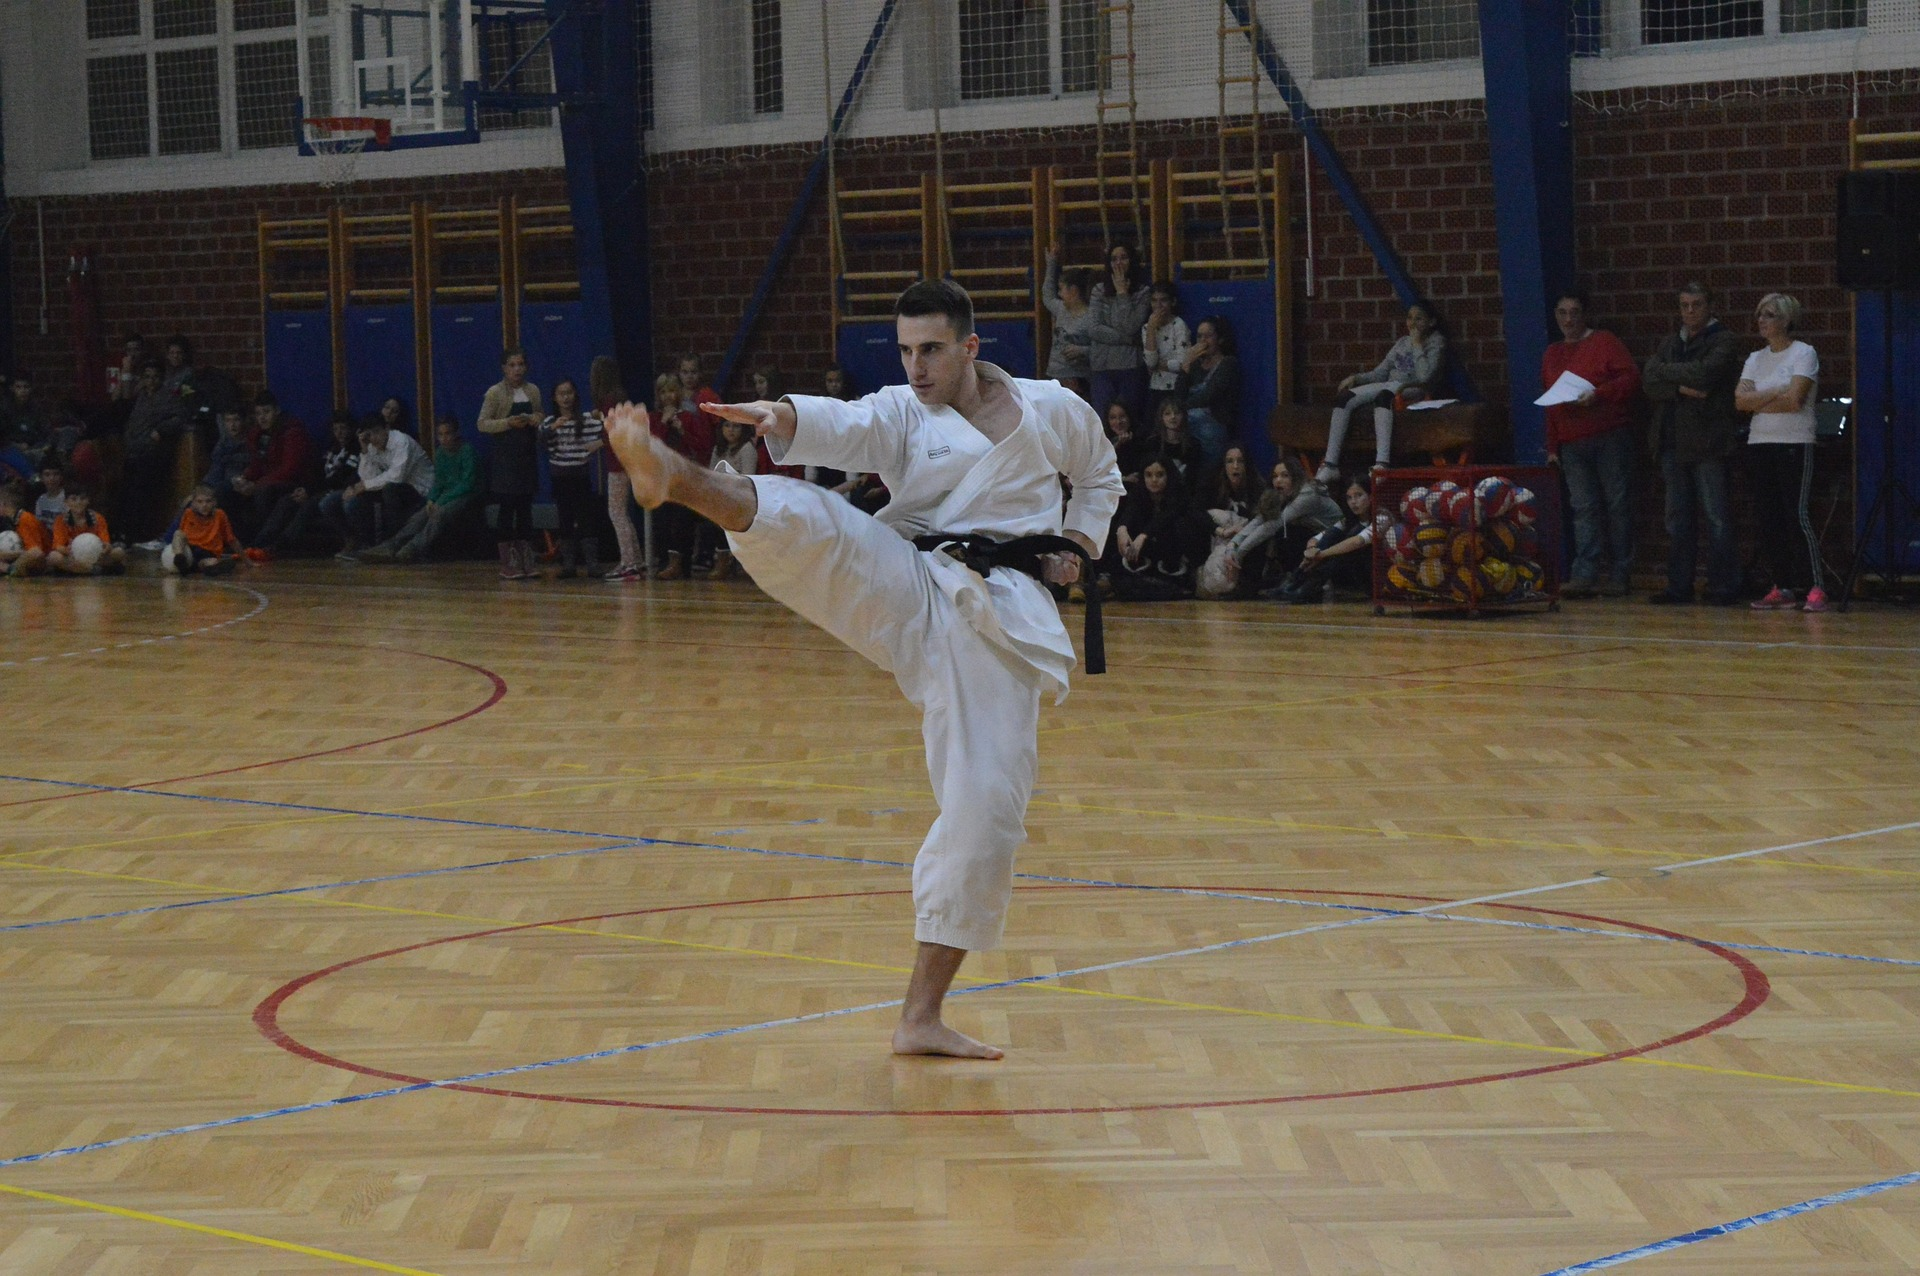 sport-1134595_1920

==

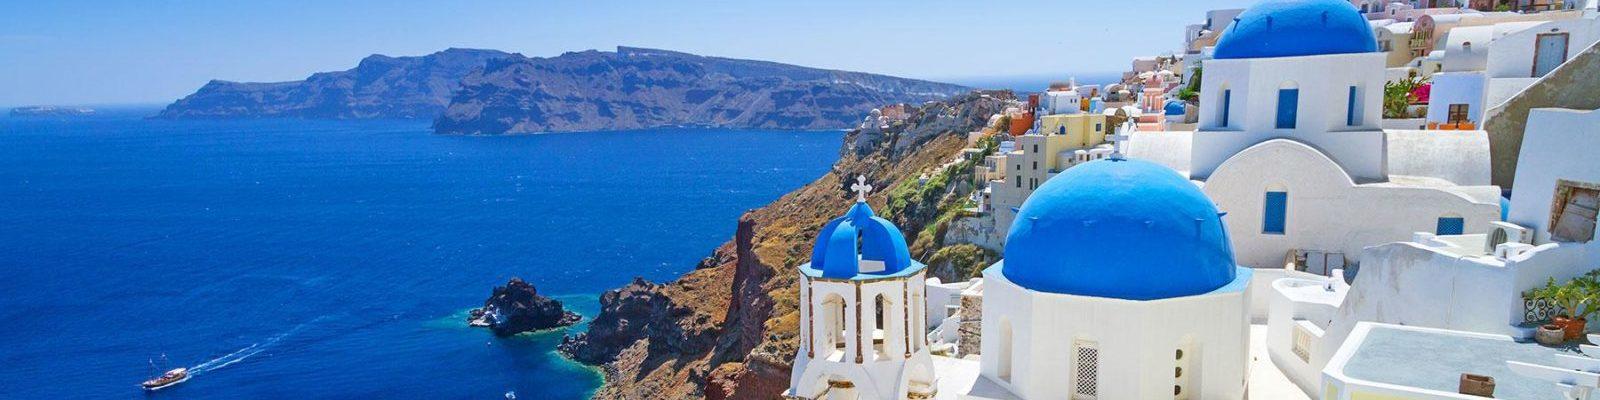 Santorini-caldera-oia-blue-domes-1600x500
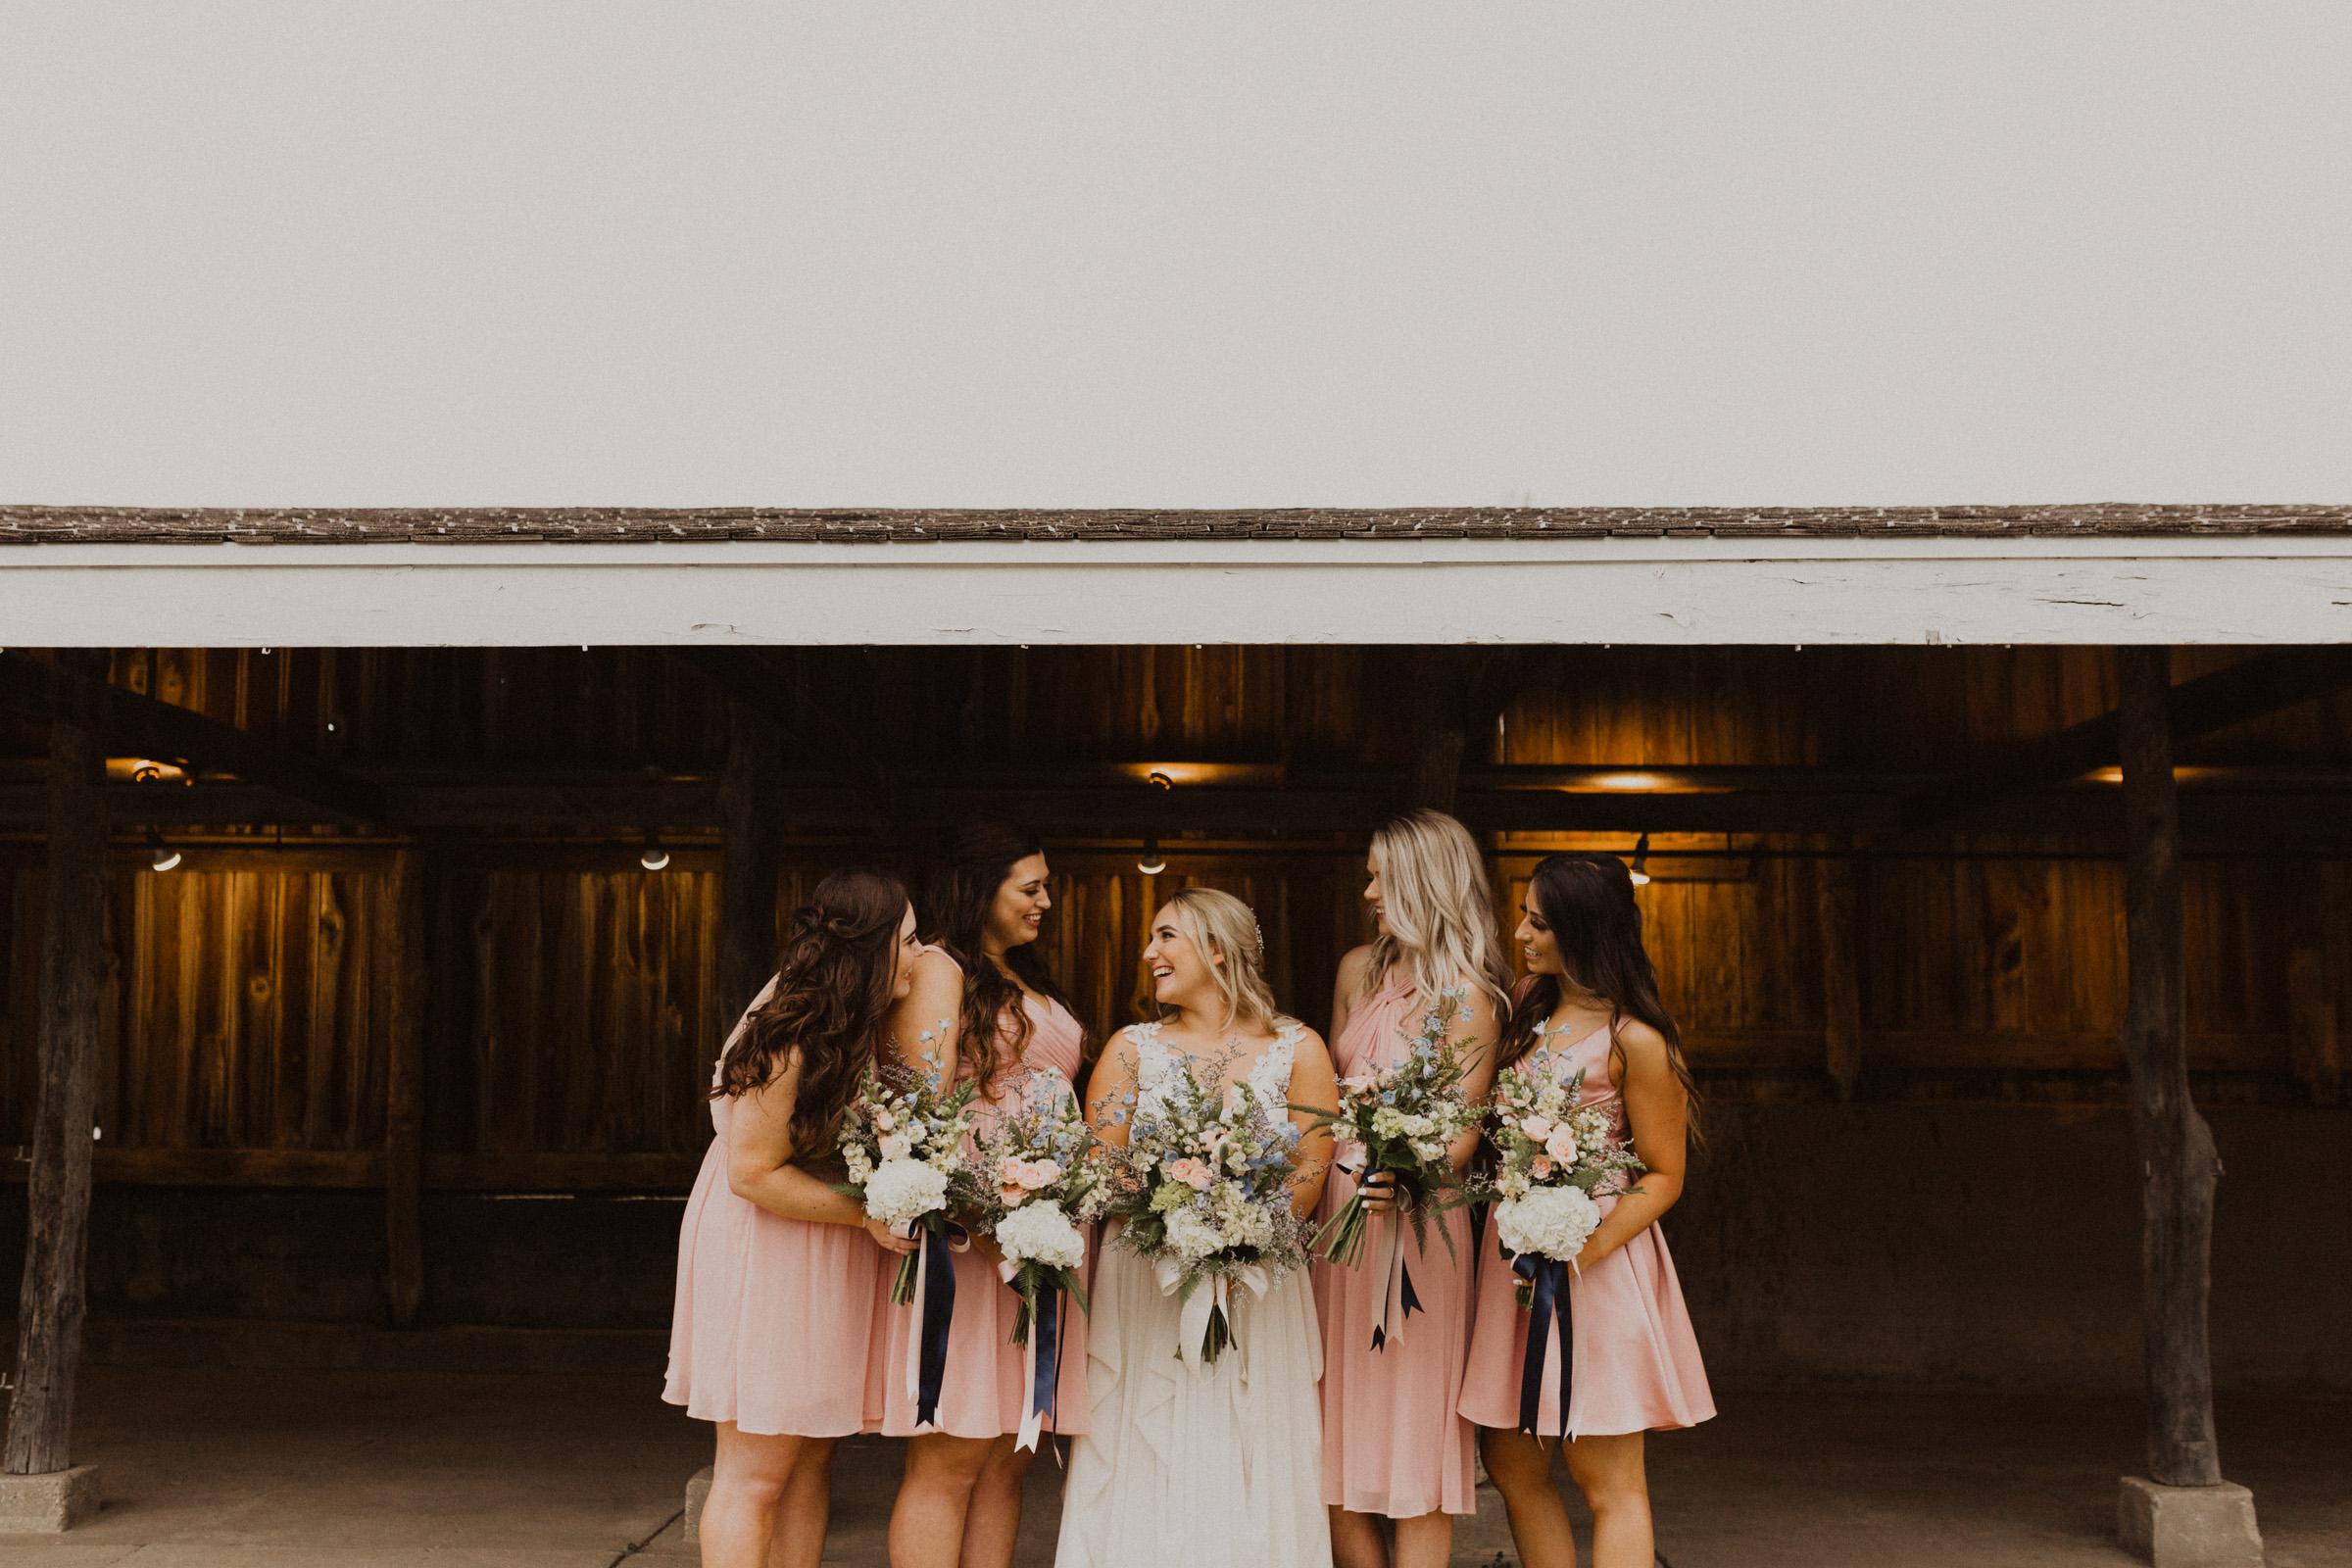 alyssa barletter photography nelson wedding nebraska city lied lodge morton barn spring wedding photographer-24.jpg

Task description — In the entries above, every line from the line with "Santorini-caldera-oia-blue-domes-1600x500" to the line with "alyssa barletter photography" is to be printed exactly, with both ends included and pictures excluded.

Result —
 Santorini-caldera-oia-blue-domes-1600x500
 alyssa barletter photography nelson wedding nebraska city lied lodge morton barn spring wedding photographer-24.jpg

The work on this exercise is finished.